The fright and exasperation of the bear and the aggressiveness of the bull are what DALL-E captures in this film. It doesn't make sense to describe what we're looking at as "creative", and yet they have the same effect as looking at something truly creative.
DALL-E will attempt to solve a single problem in many different ways. It had to figure out how to portray the eyes when I asked it to show me a delicious cinnamon bun.
I would have put a pair of plastic looking eyes on the roll. Sometimes it made eyes out of the frosting. It made the eyes out of little cinnamon rolls.
I cursed out loudly and started laughing.
D ALL-E DALL-E is the most advanced image generation tool I have ever seen. I have tried out a similar tool called Midjourney, which is in a very early stage of development, but has yet to be released to the general public. I think the developer of DALL-E Mini will get hit with a cease-and-desist letter soon, since it has no relation to DALL-E or Openai.
I was told by Openai that it hadn't made any decisions about how DALL-E might become available more generally. The goal of the current research is to show people how to use the technology in a way that works best for them.
The number of use cases discovered for DALL-E is surprising. DALL-E is being used to create augmented reality filters. A chef in Miami is using it to find new ways to cook. DALL-E can be used to create cheap environments and objects in the metaverse.
It makes sense to worry about what automation might do to professional illustrators. Many jobs are lost. DALL-E could be useful in their work. They could ask DALL-E to sketch out a few concepts before they started. I used the tool to suggest alternate platformer logos.
I will keep the logo I have. If I were an artist, I would appreciate the alternate suggestions.
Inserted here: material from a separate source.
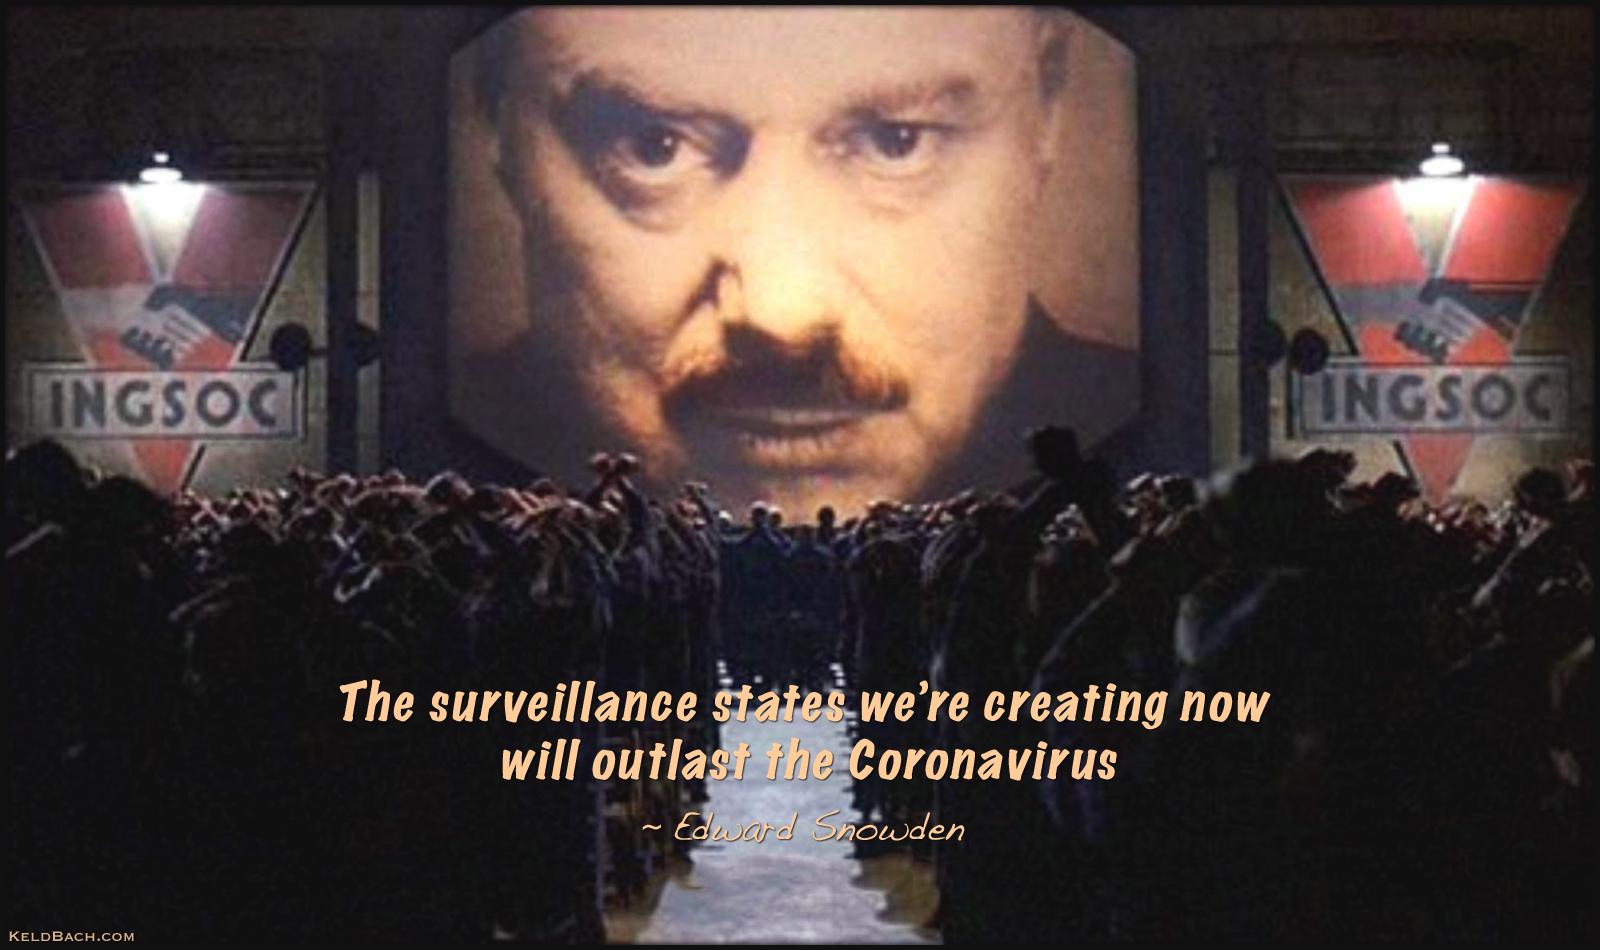 The Surveillance States Will Outlast Coronavirus

It is worth thinking about how these tools might open up for people who wouldn't have the money to hire an illustrator. I wrote my own comic books when I was a kid, but never improved my illustrations. What if I told DALL-E to draw all my heroes for me?
This doesn't seem like a tool that most people would use. In the coming months and years, we will find more and more creative applications of tech like this: in e- commerce, in social apps, in the home and at work. If the copyright issues get sorted out, it could be one of the most powerful tools for changing culture. I don't know if using artificial intelligence to create images of protected works is fair use or not. Do you want to see DALL-E's take on "Batman eating a sandwich"?
I think we will see some harmful uses of this tool. I trust OpenAI to enforce strong policies against the misuse of DALL-E, but surely similar tools will emerge and take more of a moderation approach. The technology is only going to get better, as people are already creating pornographic, often deep fakes, to harass their exes.
When a new technology is released, we tend to focus on its happier and more playful uses only to overlook how it could be used in the future. I am thrilled that I have been able to use DALL-E, but I am worried about what similar tools could do in the hands of companies that aren't as strict.
What positive uses of this technology could be found at scale? What does the creation of artificial intelligence do to our sense of reality? We don't know what to make of what we see.
DALL-E is a breakthrough in consumer tech. Is it the start of a creative revolution or something more worrisome? It is adding 1,000 users a week. It's time to discuss its implications before the rest of the world does.